Para o presidente da instituição, Aloizio Mercadante, os resultados do primeiro semestre foram bastante positivos.

“É um balanço extraordinário. É muito raro você conseguir combinar essas condições que estamos aqui apresentando hoje, com consistente e acelerado crescimento no volume de créditos e uma rentabilidade que é a segunda maior do mercado”, disse ele no final da manhã de hoje (12), em entrevista coletiva concedida na sede da instituição, em São Paulo.

Os ativos totais do banco, nesse primeiro trimestre, somaram R$ 1,05 trilhão, maior valor de sua da história, segundo o BNDES. Já a carteira de crédito alcançou R$ 684 bilhões, maior patamar desde 2016. O patrimônio líquido, por sua vez, atingiu R$ 181 bilhões, maior patamar histórico.

Além disso, informou o banco, as aprovações de crédito somaram R$ 110,6 bilhões no período, aumento de 52% na comparação com o ano passado. Os maiores crescimentos foram observados no crédito à infraestrutura (+ 91%) e agropecuária (+ 46%), que somaram, respectivamente, R$ 46 bilhões e R$ 24,8 bilhões. Já os créditos ao comércio e serviços somaram R$ 17,3 bilhões, o que significou aumento de 27%, enquanto os créditos para a indústria atingiram R$ 22,5 bilhões, alta de 24%.

Por sua vez, o apoio às micro, pequenas e médias empresas somou R$ 108,2 bilhões, maior valor da história para o período, com alta de 22% sobre o mesmo período do ano passado.

Quanto à inadimplência registrada para 90 dias, ela se manteve praticamente estável, em torno de 0,05%, inferior à do Sistema Financeiro Nacional, que é 4,68% no geral e 0,66% para grandes empresas.

Diversificação

Durante a entrevista coletiva, Mercadante informou que o BNDES tem procurado diversificar sua carteira, investindo em novos setores e projetos como o carro voador, inteligência artificial, minerais críticos e terras raras. “Vamos entrar forte em terras raras, lítio e em mobilidade.
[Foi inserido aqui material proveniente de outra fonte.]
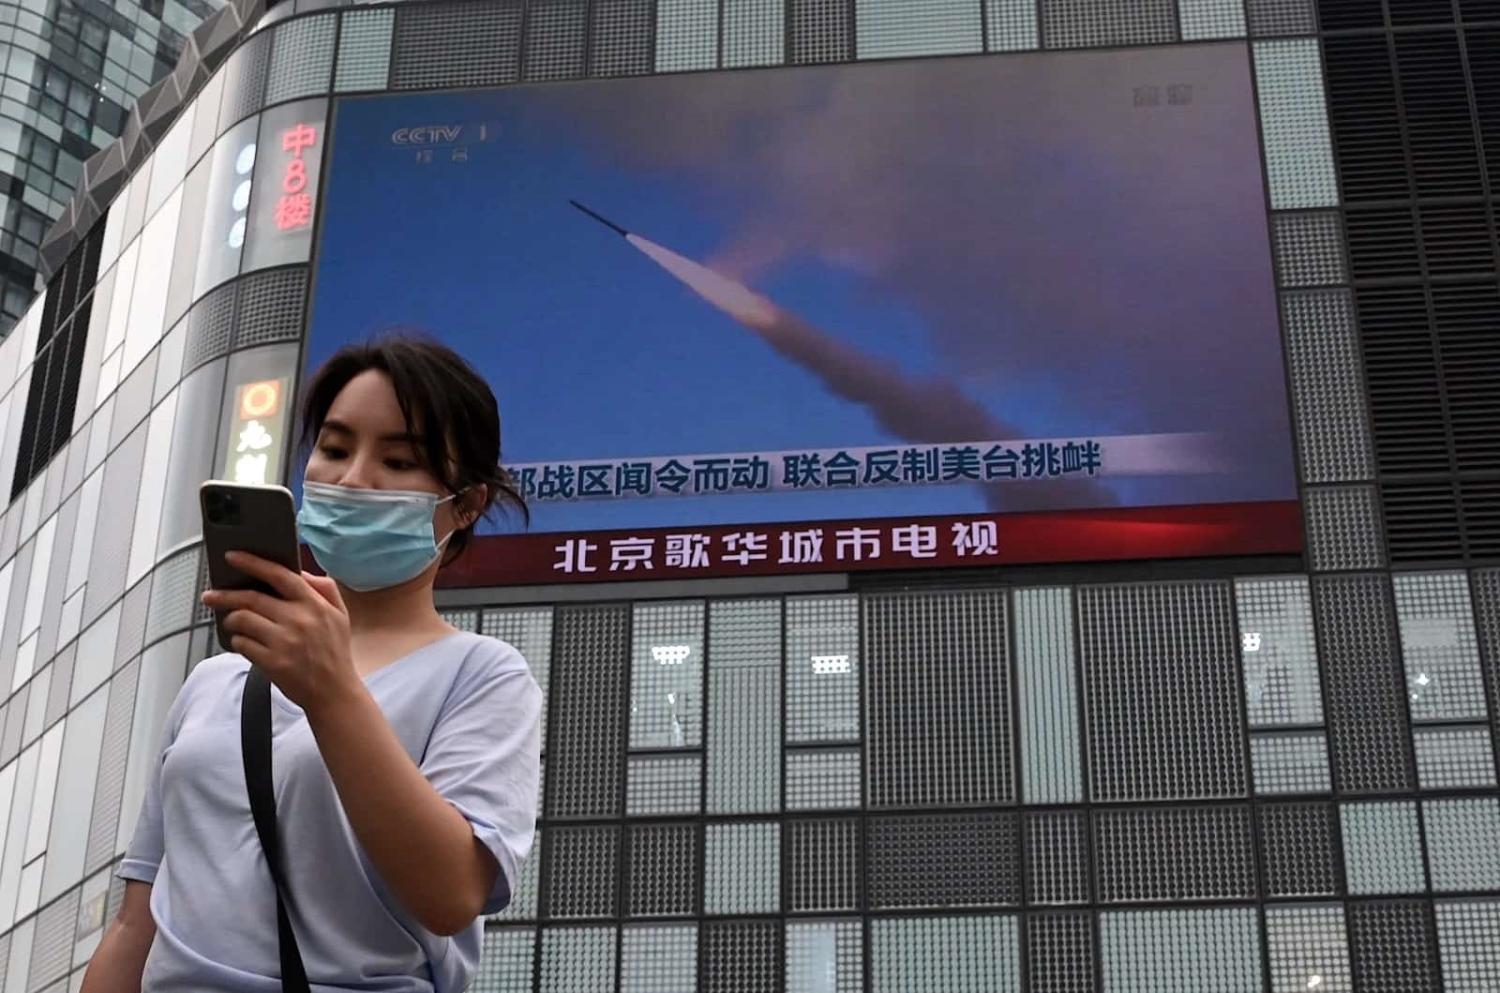 A news broadcast in Beijing about China's military exercises encircling Taiwan, 4 August 2022 (Noel Celis/AFP via Getty Images)

Estamos financiando o PIB de toda indústria automotiva para fazer o elétrico flex para trazer o biocombustível junto com a mobilidade elétrica, que é uma rota tecnológica própria que o Brasil está perseguindo”, afirmou.

O presidente do banco explicou que o BNDES tem trabalhado em projetos de reconstrução e antecipado ações de prevenção e combate às mudanças climáticas. “Nós vamos ter novas emergências climáticas. O El Niño está vindo com força e tudo sinaliza que este ano já está muito mais quente no Brasil do que em 2024. Devemos ter muita chuva no sul, ondas de calor no Sudeste e muita seca no Norte e Nordeste. Então [o BNDES] vai ter que entrar [nesse tema]. Vamos ter que ajudar essas empresas, essas comunidades, essas famílias”, explicou.